» What you need to do
What is needed is a word-for-word copy of the listing below, without pictures.

» Raw data
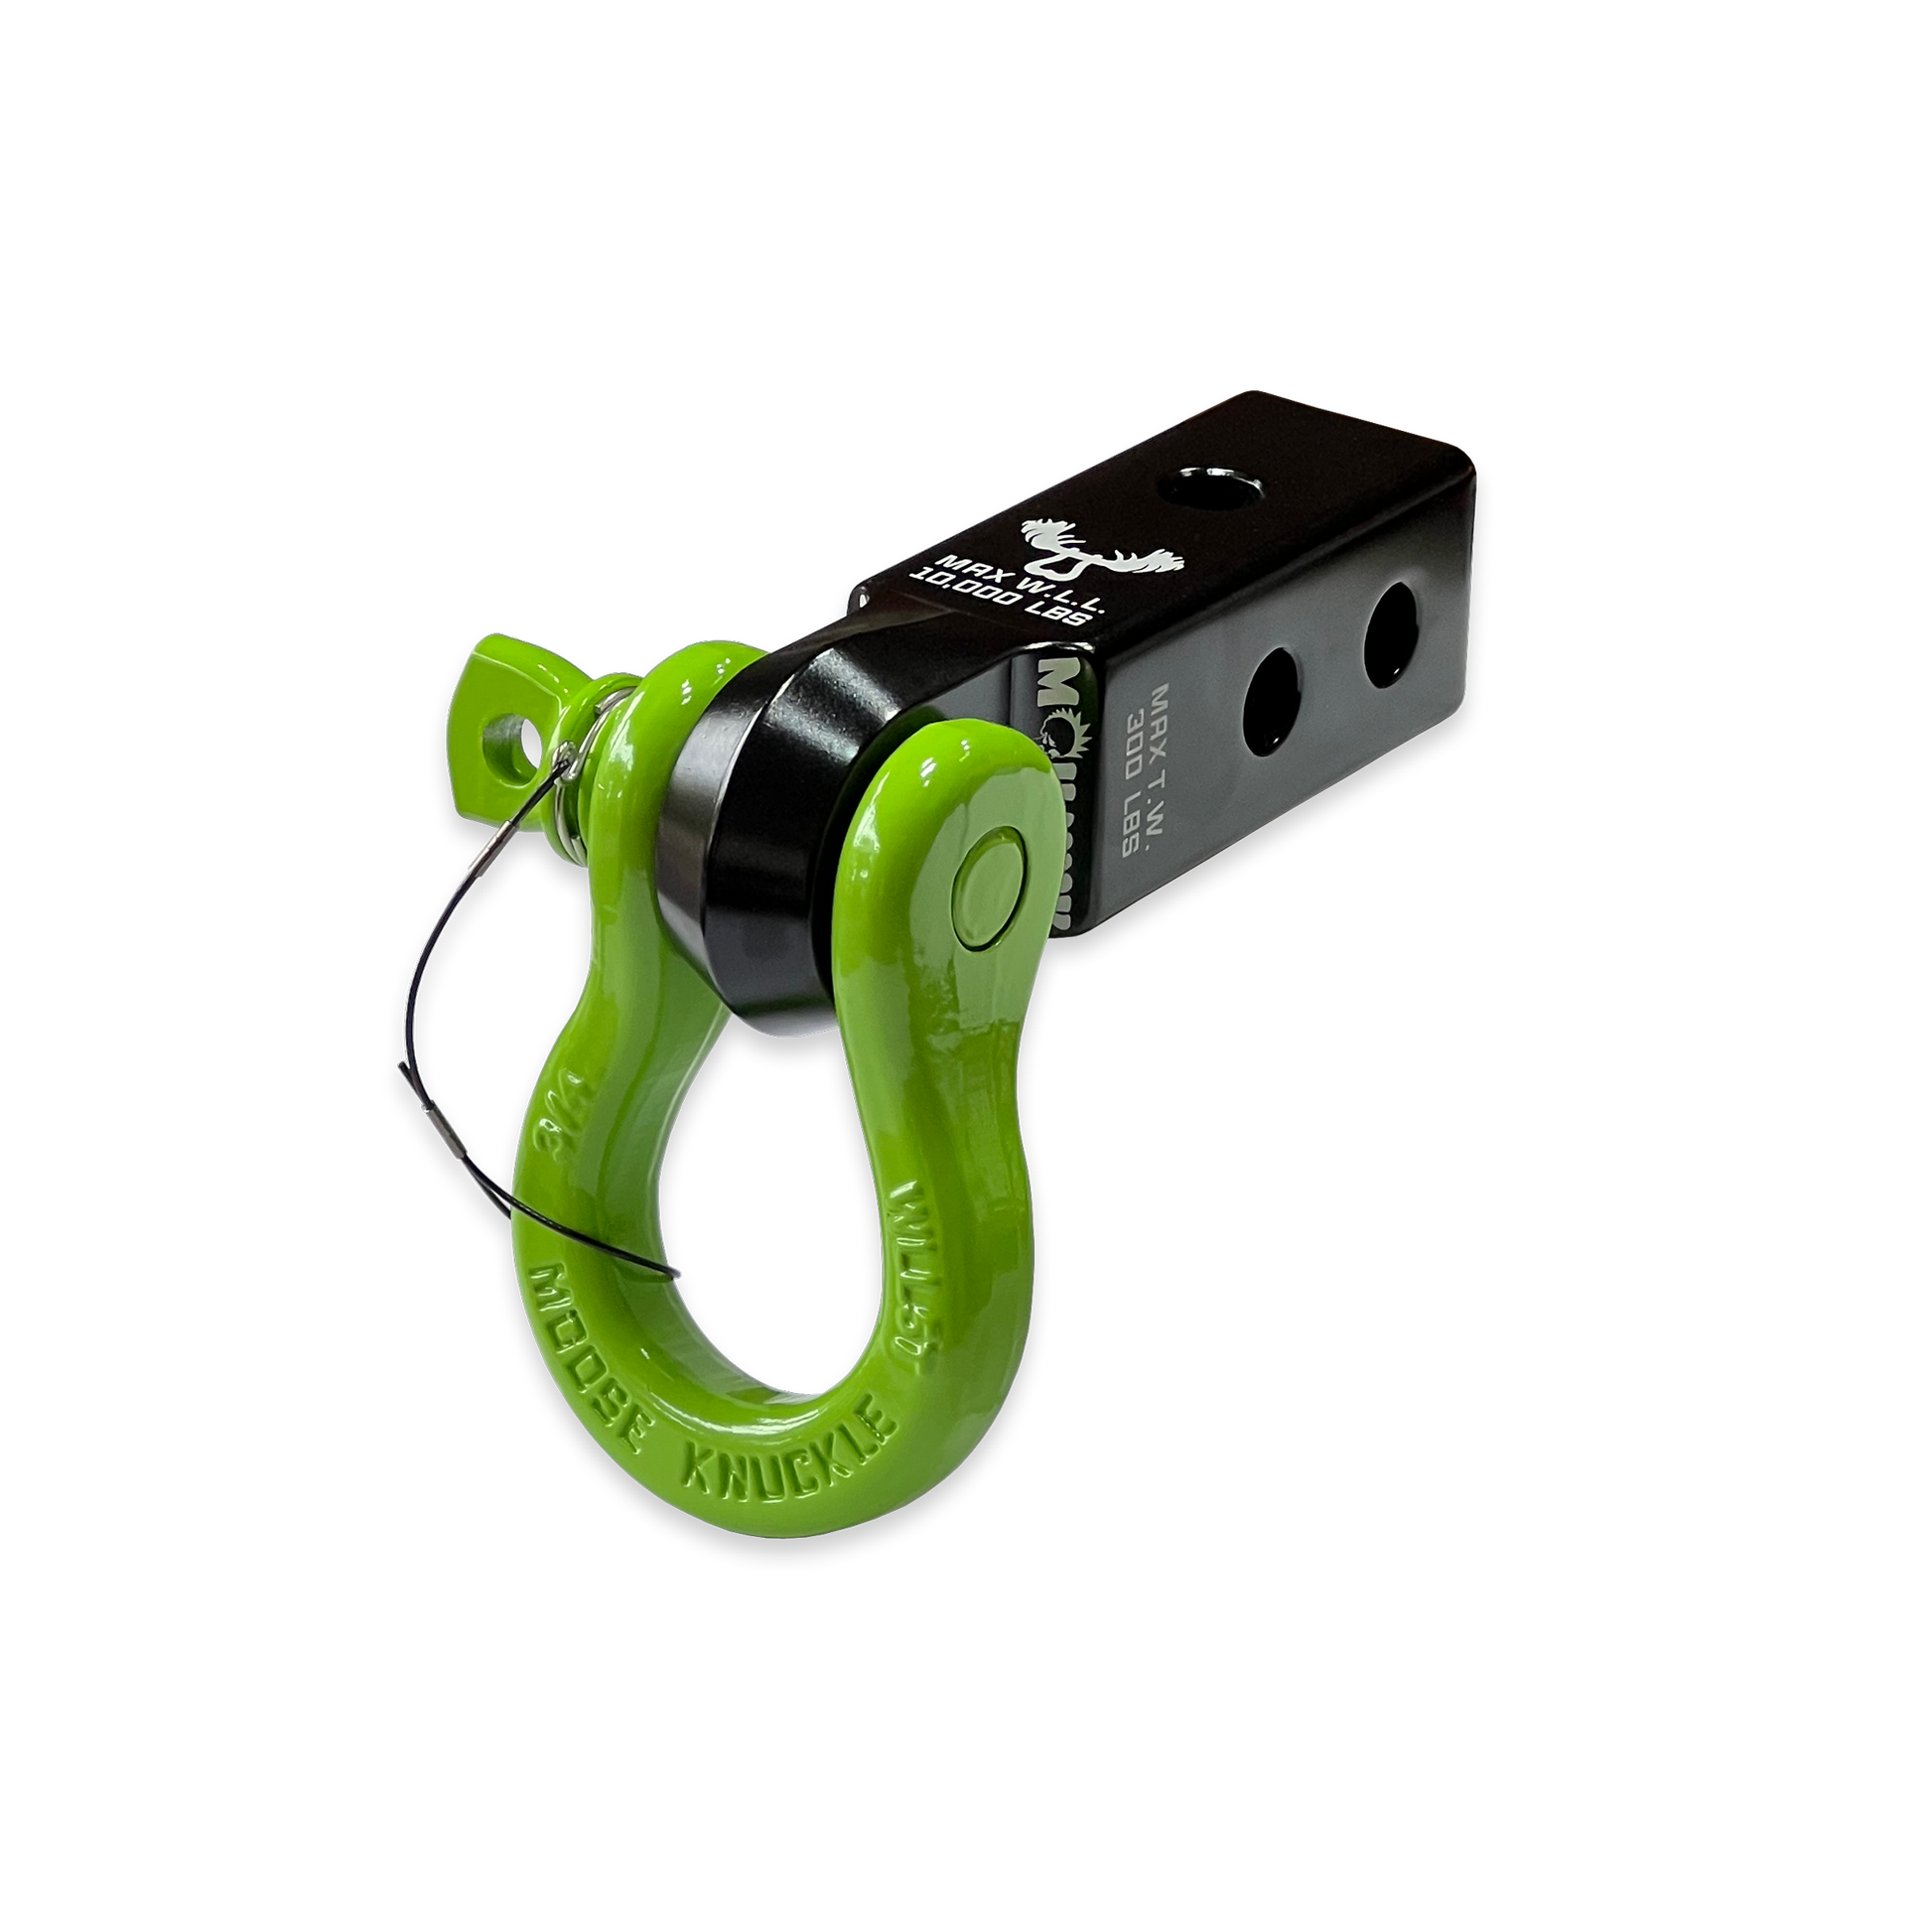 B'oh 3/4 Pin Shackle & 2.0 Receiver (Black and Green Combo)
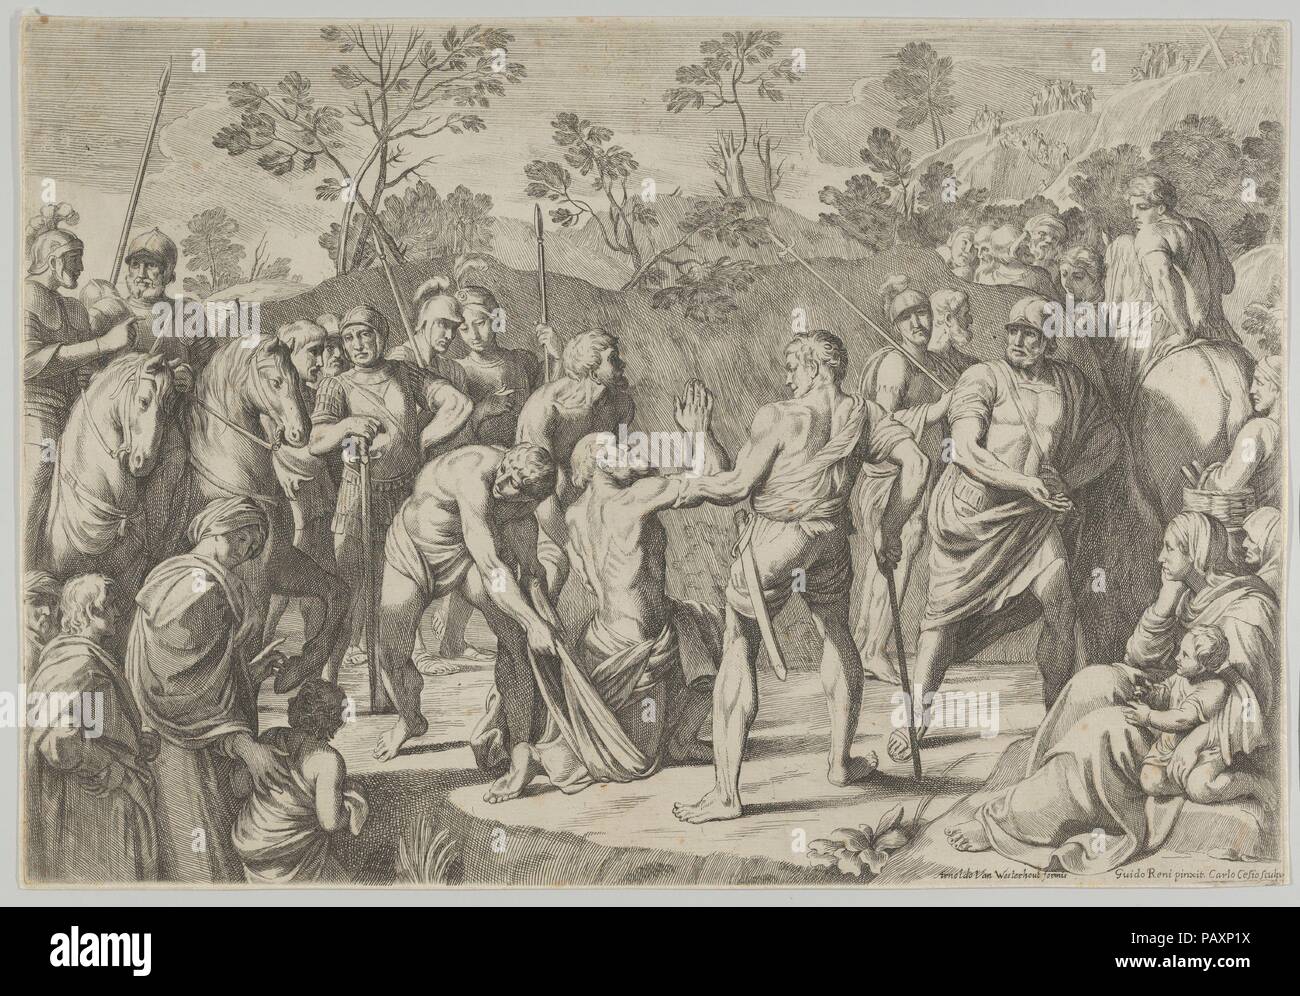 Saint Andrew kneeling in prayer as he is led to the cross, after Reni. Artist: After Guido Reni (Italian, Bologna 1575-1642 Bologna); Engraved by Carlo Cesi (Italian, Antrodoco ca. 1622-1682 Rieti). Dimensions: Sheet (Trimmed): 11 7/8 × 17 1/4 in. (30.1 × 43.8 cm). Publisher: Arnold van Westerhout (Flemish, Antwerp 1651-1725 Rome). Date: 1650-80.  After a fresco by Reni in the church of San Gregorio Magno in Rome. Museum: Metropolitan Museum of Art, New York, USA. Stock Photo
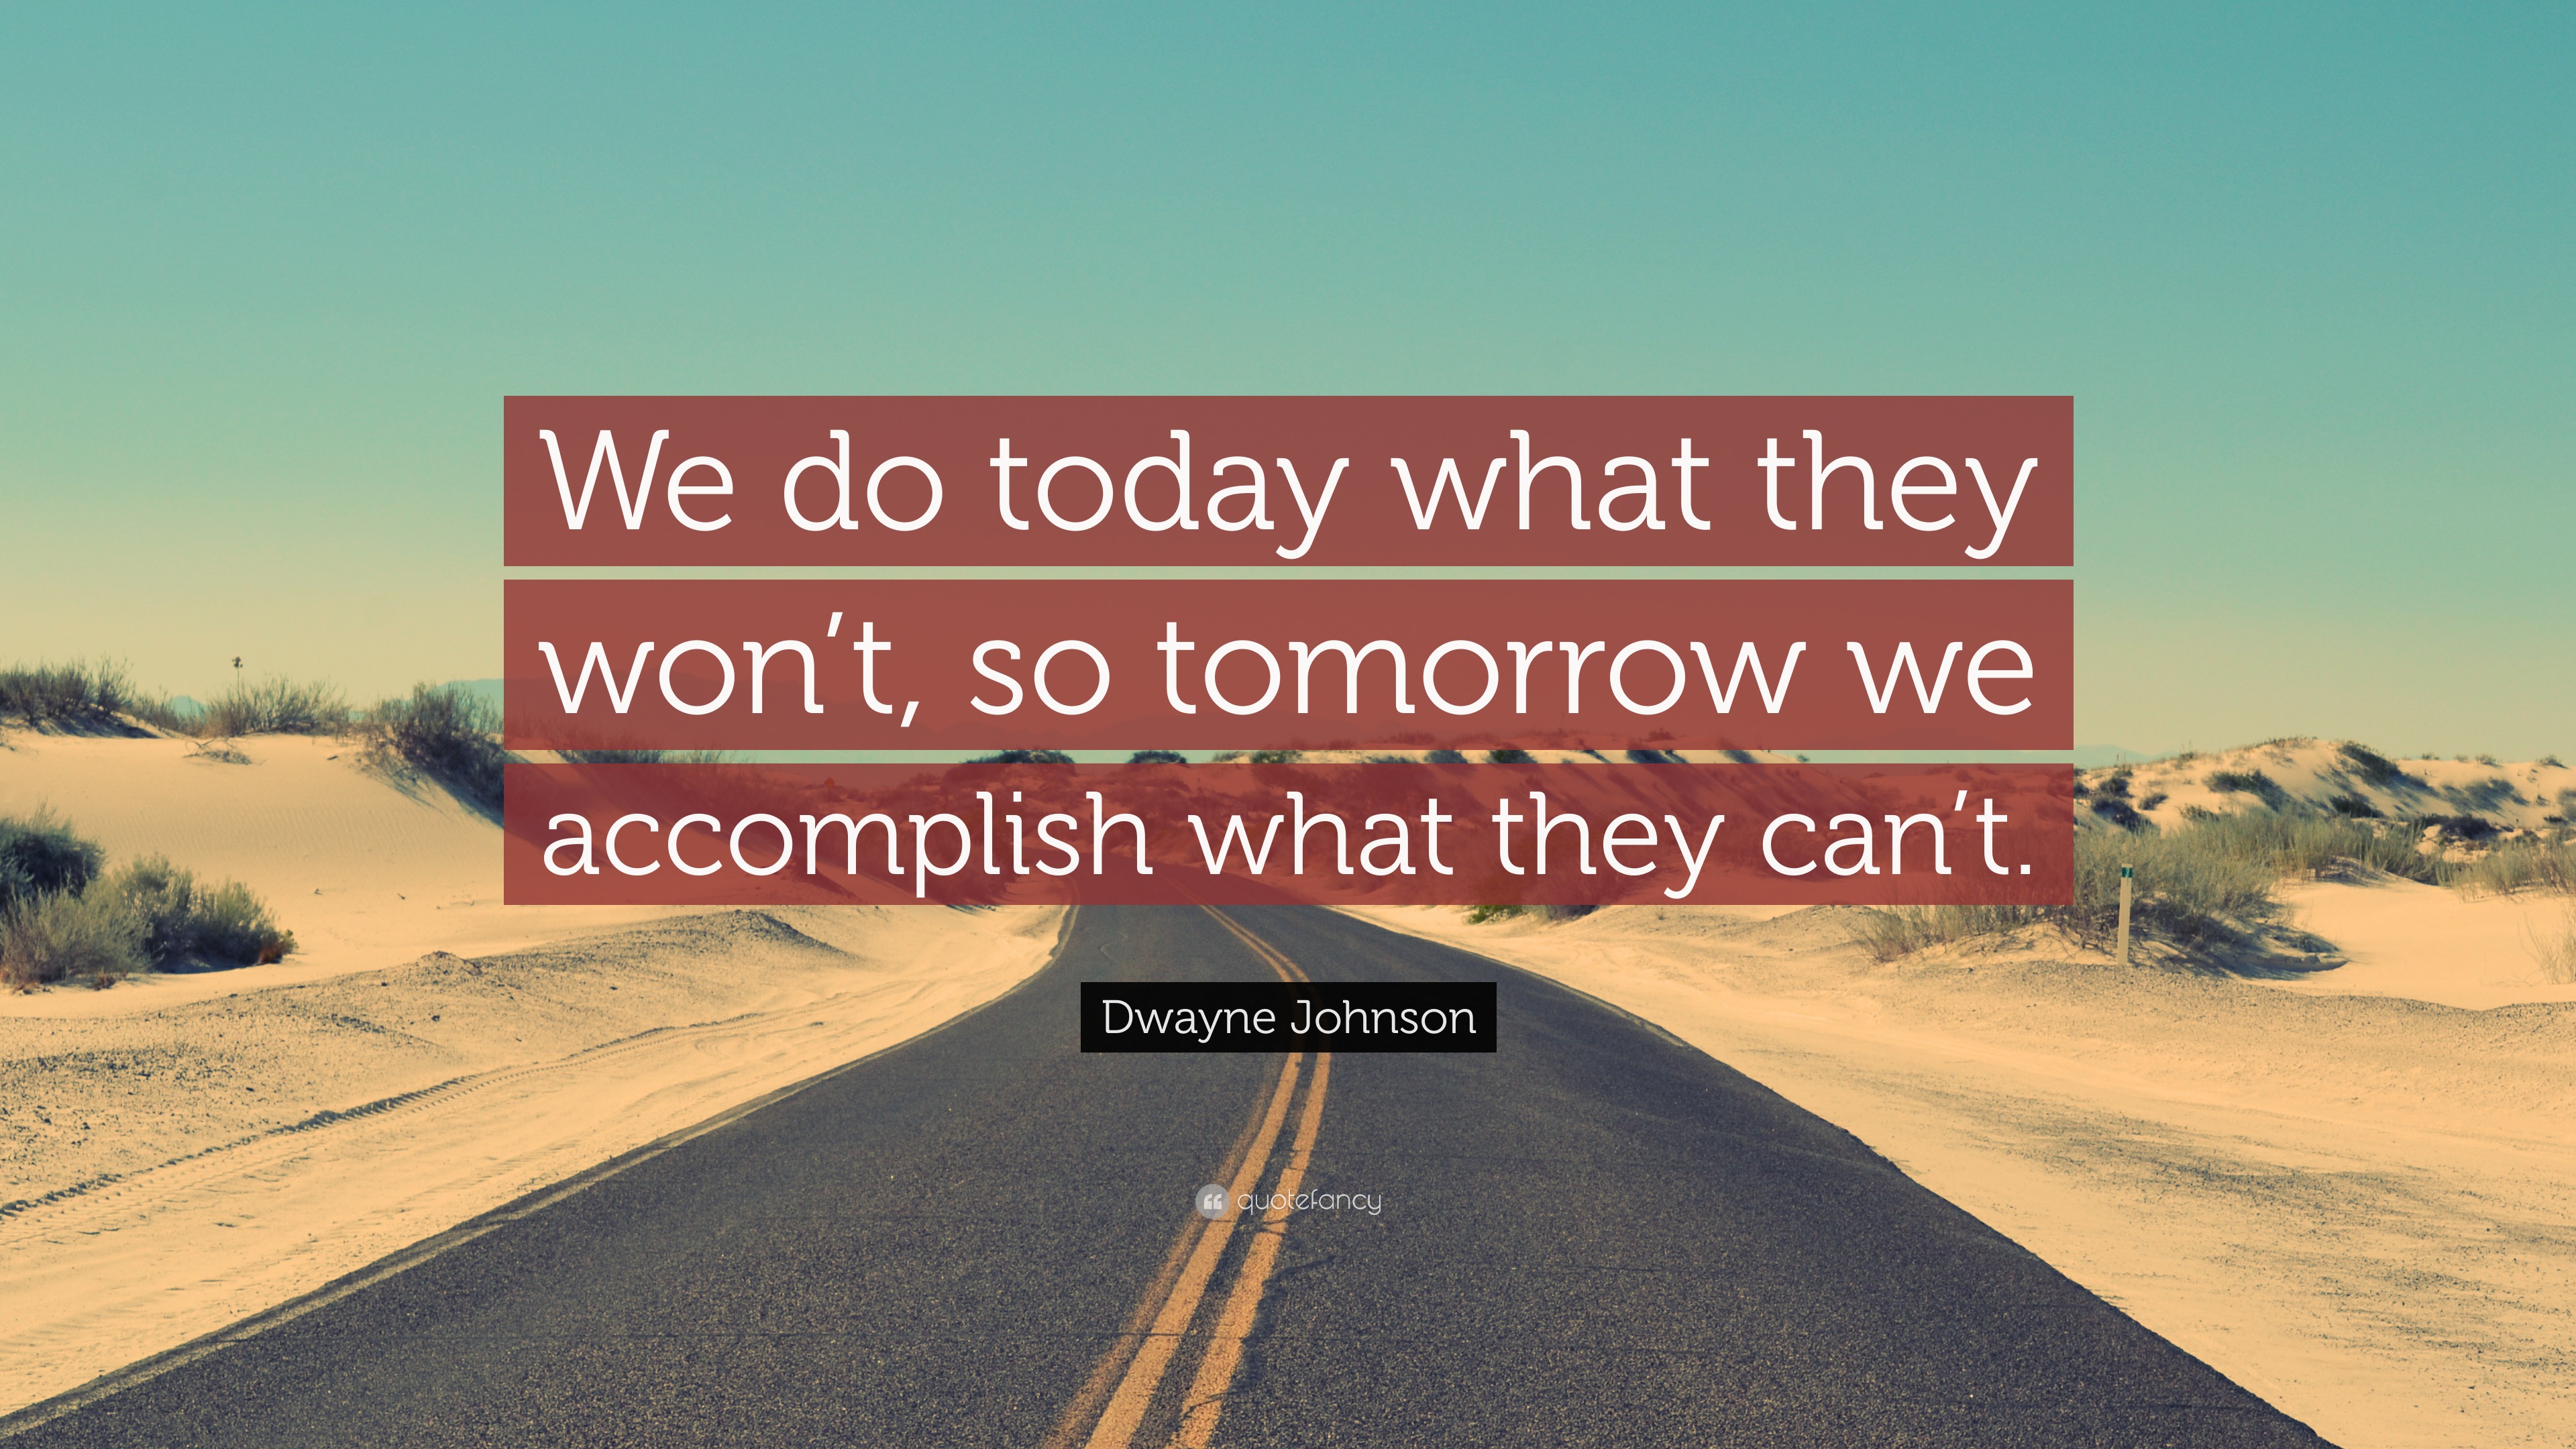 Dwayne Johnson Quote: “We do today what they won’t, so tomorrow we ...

» Response below
 B'oh 3/4 Pin Shackle & 2.0 Receiver (Black and Green Combo)
 Saint Andrew kneeling in prayer as he is led to the cross, after Reni. Artist: After Guido Reni (Italian, Bologna 1575-1642 Bologna); Engraved by Carlo Cesi (Italian, Antrodoco ca. 1622-1682 Rieti). Dimensions: Sheet (Trimmed): 11 7/8 × 17 1/4 in. (30.1 × 43.8 cm). Publisher: Arnold van Westerhout (Flemish, Antwerp 1651-1725 Rome). Date: 1650-80.  After a fresco by Reni in the church of San Gregorio Magno in Rome. Museum: Metropolitan Museum of Art, New York, USA. Stock Photo
 Dwayne Johnson Quote: “We do today what they won’t, so tomorrow we ...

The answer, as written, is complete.